The availability and response time of the network service is what the user cares about. This section discusses tools for monitoring the network service. Some of the more common network services are discussed, such as the Domain Name System (DNS), Network Information Service (NIS), and Network File System (NFS). Other applications are discussed in Chapter 7.

Many network services are started by a daemon process in response to a client request. The daemon process is called inetd. You can use ps to see whether this daemon is running. If it is not running, you should try to restart it by executing /usr/sbin/inetd as superuser. You can use netstat “a to list the network applications currently running on a system. The TCP or UDP socket ports associated with each service are listed in the file /etc/services. If a service is not running, you may want to check this file to see whether the service is configured. The service should also be listed in the file /etc/inetd.conf. The inetd daemon writes errors and informative messages to /var/adm/syslog/syslog.log when new services are started or stopped .

There are other important network services that are up all the time (or should be). These services include NFS and HTTP. The rest of this section lists monitoring tools specific to each network service.

Monitoring DHCP/BOOTP Servers

The Bootstrap Protocol (BOOTP) allows systems to obtain their network configuration information, such as their IP address, from a remote server system. The BOOTP service bootpd may use the Trivial File Transfer Protocol (TFTP) to transfer data back to the client. Make sure that both are configured as Internet services in /etc/services and /etc/inetd.conf.
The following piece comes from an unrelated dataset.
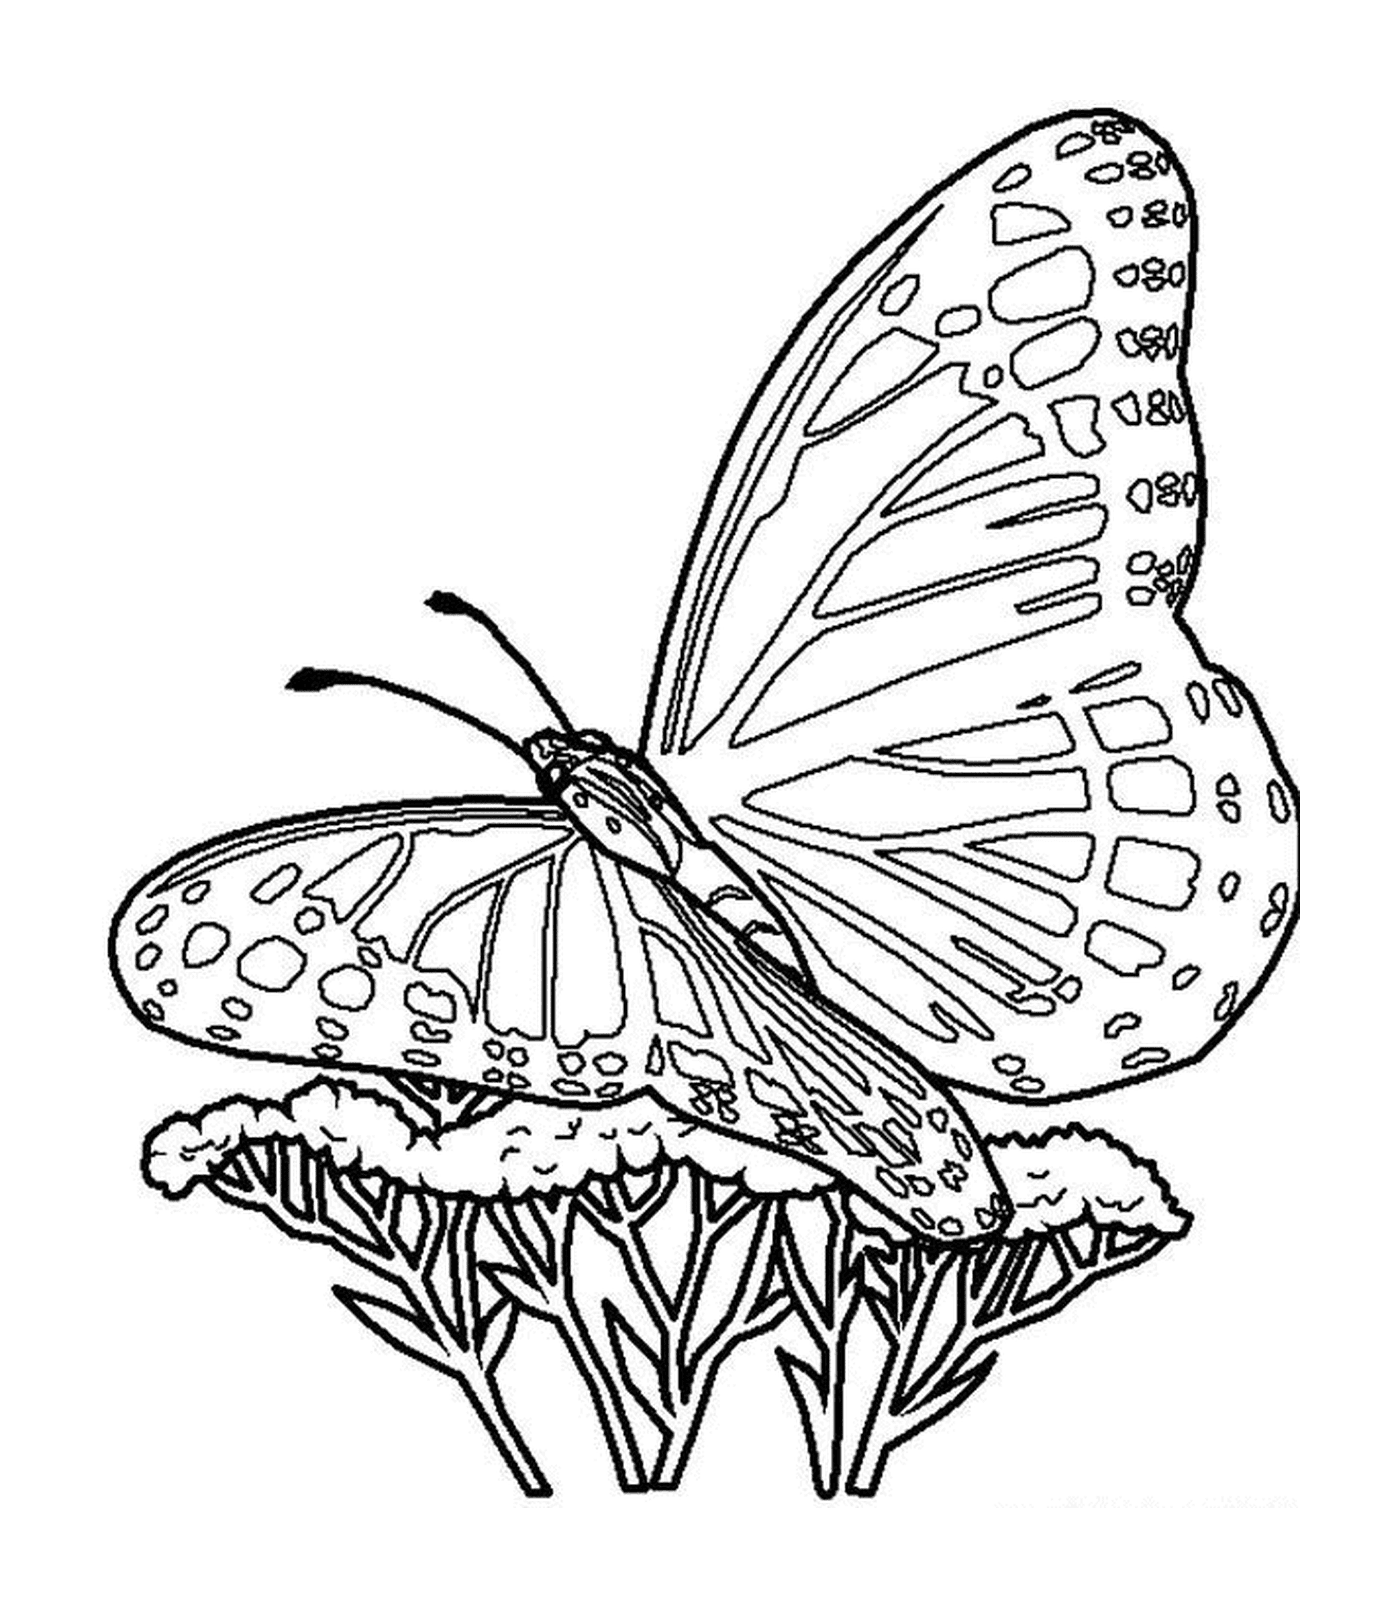  Uma borboleta em uma flor

When receiving a BOOTP request, a service checks whether it has information for the client in its database. If it does, it replies with the information; otherwise , it may forward the request to another system. You may need an analyzer to ensure the key parameters set by the client in the BOOTP request are correct.

Client information is put in the file /etc/bootptab. If BOOTP is working correctly in general, but not for a specific system, you should check this file to ensure the configuration information is correct. You may want to issue a test from the server by using bootquery, which can be used to send test BOOTP requests to the BOOTP server. In this way, you can verify that the service is starting in response to a query. By specifying the client address in the query, and by enabling replies to this client to be broadcast ” a configuration option in /etc/ bootptab ” you can see the actual reply sent by this BOOTP server.

Dynamic Host Configuration Protocol (DHCP) is a superset of BOOTP. Both bootpd and DHCP can write some error messages to the system log file. If you are troubleshooting a problem, make sure that bootpd is started with the “d 2 command option, to enable informative log messages to be written to the system log file.

DHCP allows for clients to obtain their IP address from a pool of available addresses. The /etc/bootptab file is used for BOOTP clients and for DHCP clients with fixed IP addresses. Clients belonging to a pool are configured in /etc/dhcptab.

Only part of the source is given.